SQR-001: Git LFS Architecture Note

  • Frossie Economou,
  • J Matt Peterson and
  • Joshua Hoblitt

Latest Revision: 2017-02-07

This is a SQuaRE Technical Note describing the architecture of the Git LFS service implementation. For actual documentation on deployment, as well as the source code involved in standing up this service, consult the repositories.

Motivation

Astronomical software code repositories often contain data for test or demo purposes. These large binary files don’t tend to benefit from version control beyond provenance and update tracking, and their history expands repository size with no return. Historically there have been a number of services to deal with this, such as git-annex and git-fat, but in terms of workflow, storing files in those back ends was too much of a departure from what seems like “normal” workflow for users. Lacking a satisfactory option, the core package afwdata was left on the in-house gitolite server after the rest of the codebase migrated to GitHub.

In 2015, GitHub released a protocol and an open source reference implementation of Git LFS, a specification for dealing with large binary files in git. Aside from some upfront setup pain, the workflow was very close to “normal” GitHub flow. GitHub also released a paid hosted service for those files. Given the demand for storing data in our repositories, the cost would be non-trivial. More, we did not wish to get in a position where developers are self-censoring over what to store.

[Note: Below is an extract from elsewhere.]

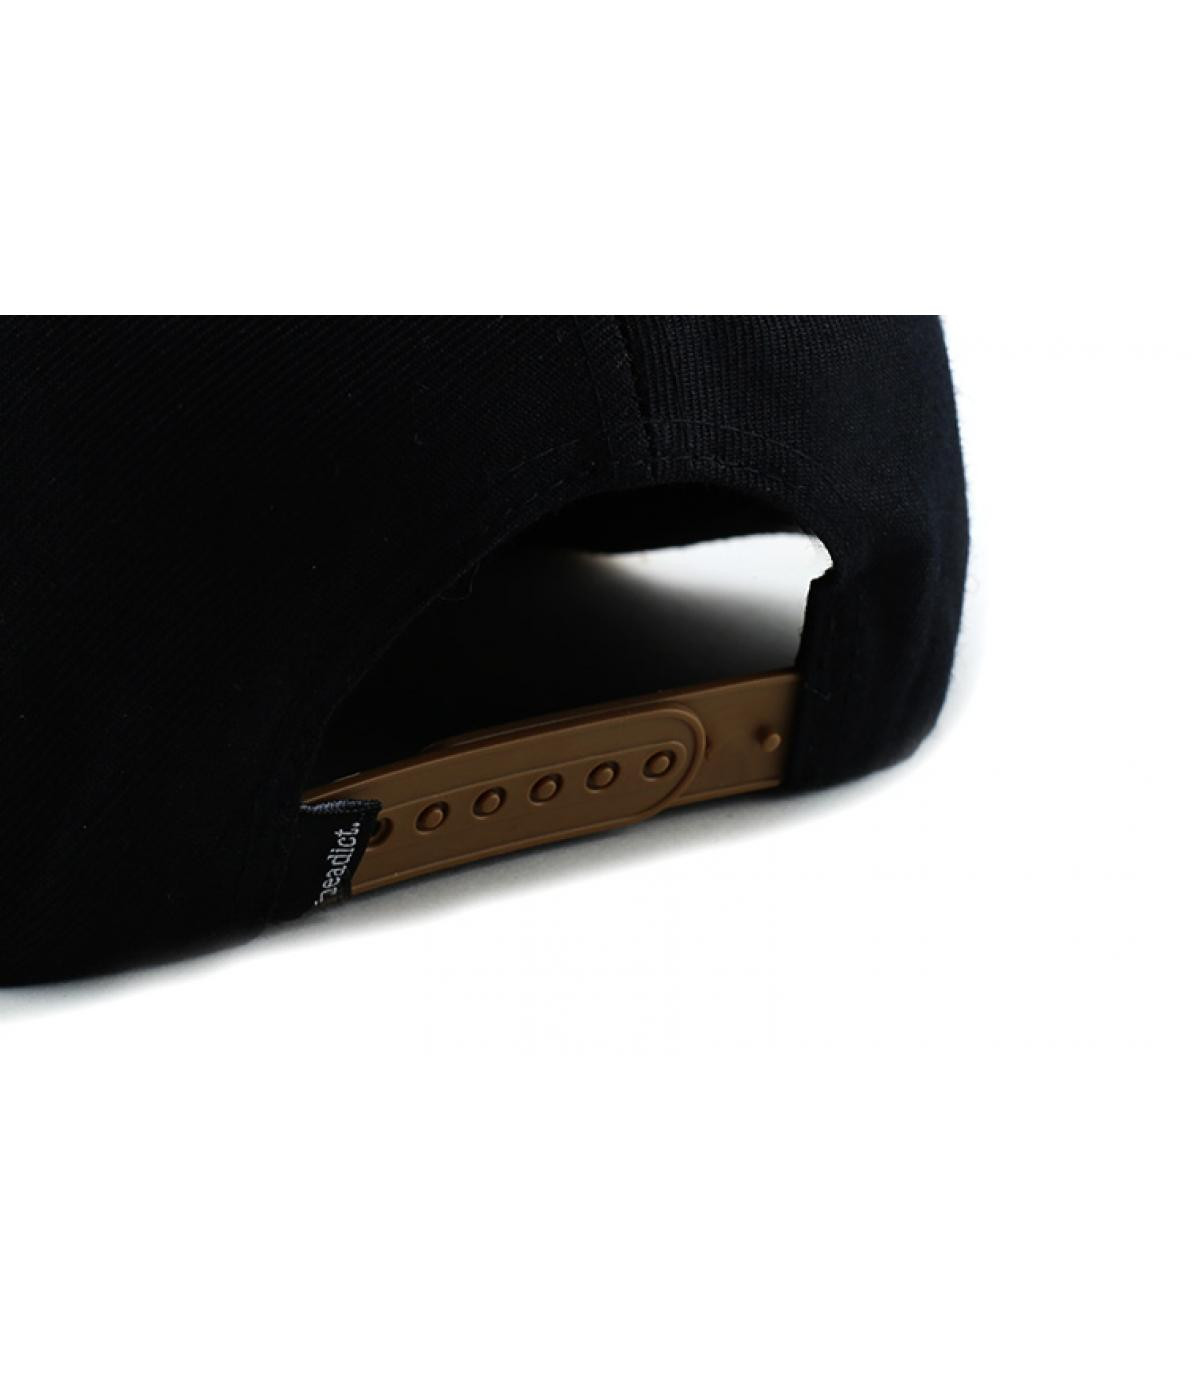 Dettagli Snapback Pillow Line black brown - image 5

Following a successful RFC, we decided to proceed with a Git LFS service. This would give users the advantages of working predominantly with the GitHub services, while allowing us to offer unmetered storage at the back end.

Architecture

GitLFS Architecture Diagram

After installing the git lfs client, a user can commit additions and modifications to LFS-backed data using the normal git commands. The repo’s .gitattributes specifies what files are tracked by Git LFS. When the user pushes commits with LFS-tracked data, they are in fact generating two requests. The first one goes to the Git server containing the Git LFS pointer for the file. It looks something like this:

version https://git-lfs.github.com/spec/v1
oid sha256:7a6943ac4d8337727b93f410cf51b1ce748dabe9dc8e85c8942c97dd5c0a49e9
size 123840

The second request is made by the git lfs client (due to the smudge and clean filters) and uses the .lfsconfig to locate the Git LFS server it should be addressing. In our case that is git-lfs.lsst.codes. The Git LFS server checks whether the requested blob exists in the backing store, and hands the client a URL that it can use to retrive or push it. If the request requires authentication and authorization then the Git LFS server queries the GitHub API to ensure the user is an LSST org member (we can’t let anyone on the open Internet push to our server!). The client then uses the URL to fetch or push to our object store.

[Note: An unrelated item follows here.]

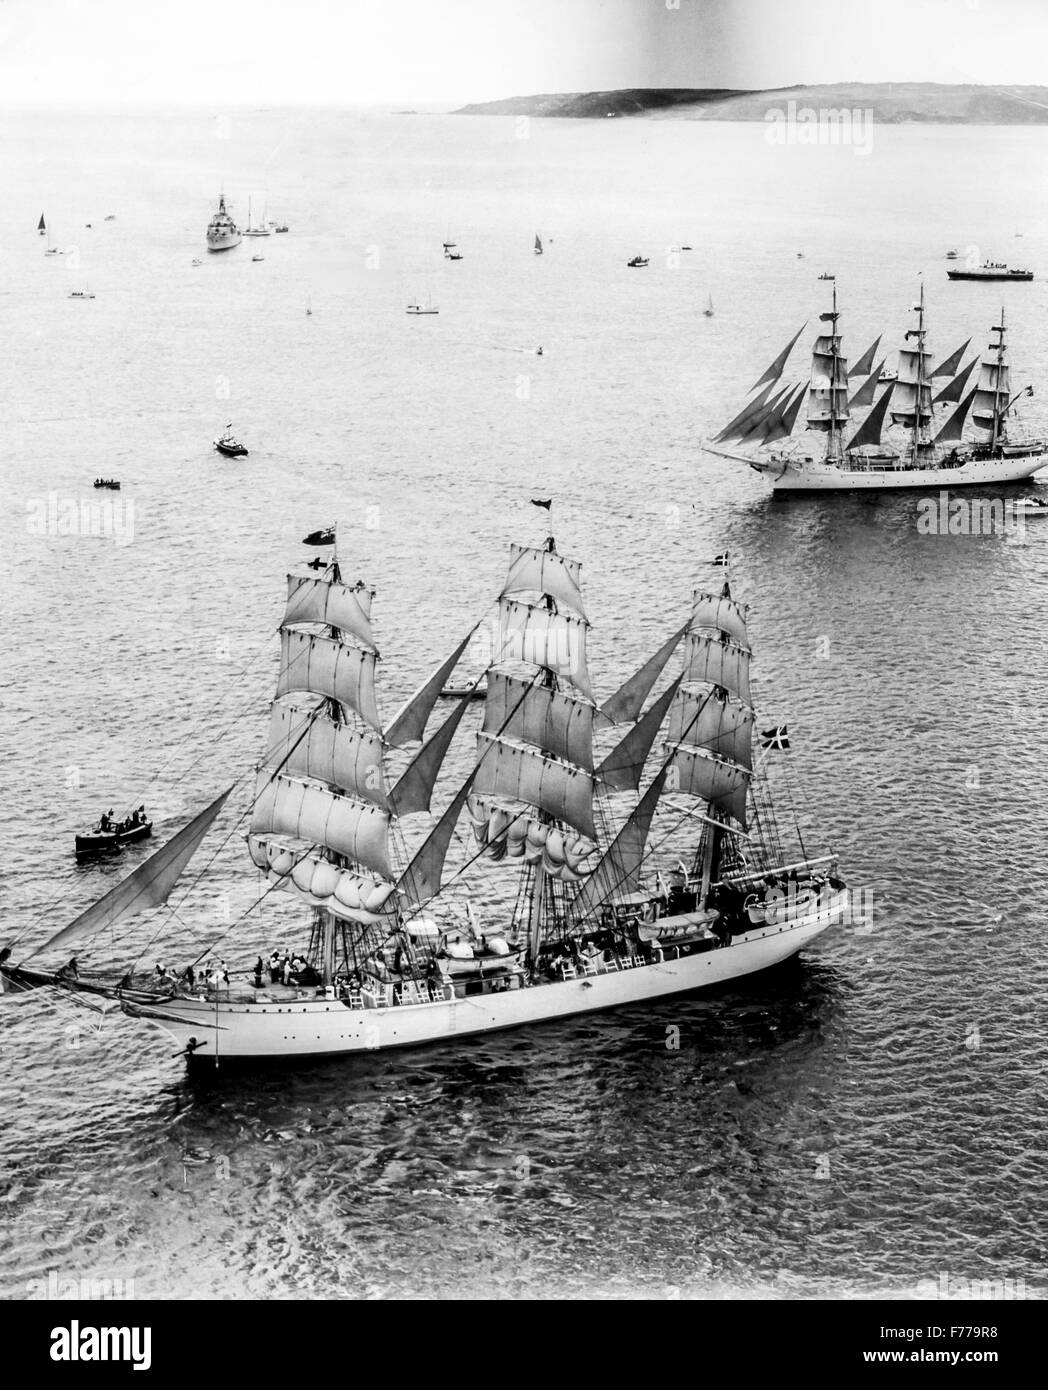 the danmark ship Danish and Norwegian Christian Radich,Falmouth tall ships regatta,England 1966 - Stock Image

Other git-lfs.lsst.codes components:

  • Passenger is used to run the git-lfs-s3-server ruby gem,
  • Nginx is used for SSL termination,
  • Redis is used for credential caching,

The object store components are:

  • The AWS S3 service, that provides a REST API to their object storage service.

Client Requirements

The LSST Git LFS system requires a minimum git-lfs client version of 1.1.0. This is the minimum client version that supports .lfsconfig configuration file.

SQuaRE’s continuous integration system uses git-lfs client version of 1.5.5. This version supports both the batch API and the legacy API.

It is recommended that users use the current stable git-lfs client version. Newer client versions support the more efficient batch API and have many bug fixes and performance improvements.

Repositories

These are the repos involved in this deployment:

Documentation

RFCs

  • RFC-104

    This is the RFC proposing Git LFS adoption.